Sunday, November 6, 2016

120th Birthday of Scott Fitzgerald

              A little more than one month ago, precisely on 24th of September, the American writer Scott Fitzgerald would complete 120 years old, so this post is a tribute to him. Like many realistic writers, his novels contributed to become the world less hypocritical. This post is a summary of three articles. The first was published at https://en.wikipedia.org/wiki/F._Scott_Fitzgerald. The second was published at http://www.ccsenet.org/journal/index.php/ells/article/viewFile/44230/26674. The third was published athttp://www.bookrags.com/essay-2005/10/28/12454/461/#gsc.tab=0

               Francis Scott Key Fitzgerald (1896-1940) known as F. Scott Fitzgerald, was an American novelist and short story writer, whose works illustrate the called Jazz Age.

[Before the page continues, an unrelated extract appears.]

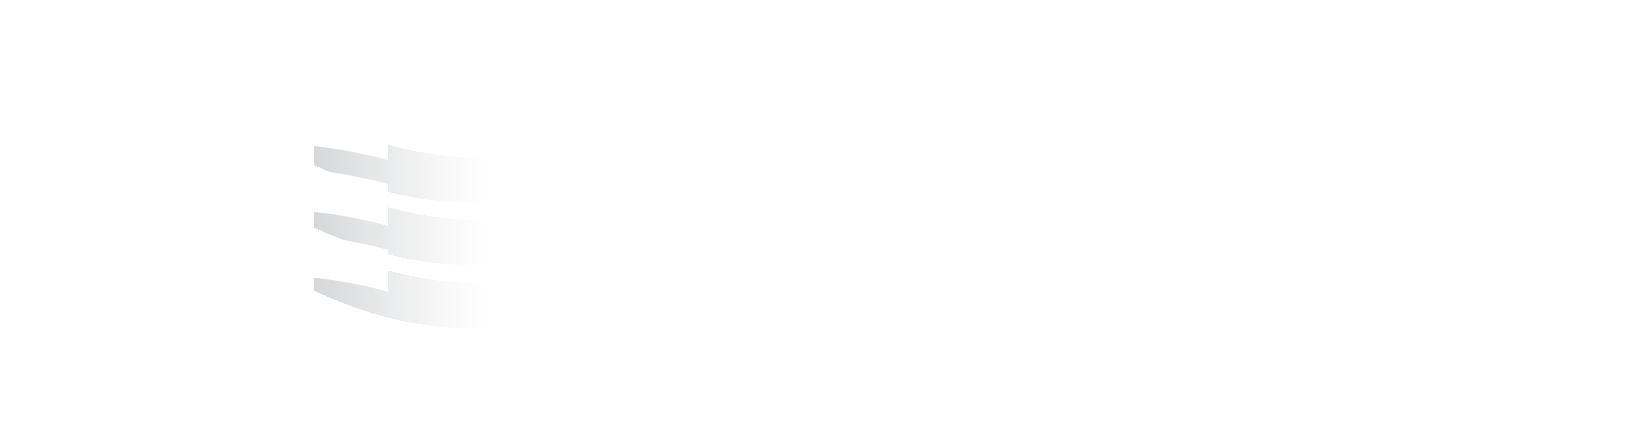 USOcean.com

He is widely regarded as one of the greatest Writers of the 20th century. He finished four novels: This Side of Paradise, The Beautiful and Damned, The Great Gatsby (his best known) and Tender is the Night. Fitzgerald also wrote numerous short stories, many of which treat themes of youth and promise, and age and despair. He spent his childhood in Buffalo, NY. His formative years in Buffalo revealed him to be a boy of unnusual intelligence with a keen early interest in literature. After graduating from the Newman High school in 1913, Fitzgerald decided to stay in New Jersey to continue his artistic development at Princeton University. This Side of Paradise, a semi-autobiographical account of Fitzgerald's undergraduate years at Princeton, was published in March of 1920 and became an instant success. It launched his career as a writer and provided a steady income. He married with Zelda Sayre, the daughter of a judge from Alabama and they had their daughter and only child Frances in October of 1921. Like most professional authors at the time, Fitzgerald supplemented his income by writing short stories for magazines, and sold stories and novels to Hollywood studios. Fitzgerald, an alcoholic since university, became notorious during the 1920s for his heavy drinking, undermining his health by the late 1930s. He died of a heart attack in December of 1940 in Hollywood. His work has inspired writers ever since he was first published. The publication of, The Great Gatsby, prompted T.S. Eliot to write, "It seems to me to be the first step that American fiction has taken since Henry James..." Into the 21st century, millions of copies of The Great Gatsby, a constant best-seller, is required reading in many high school and university classes.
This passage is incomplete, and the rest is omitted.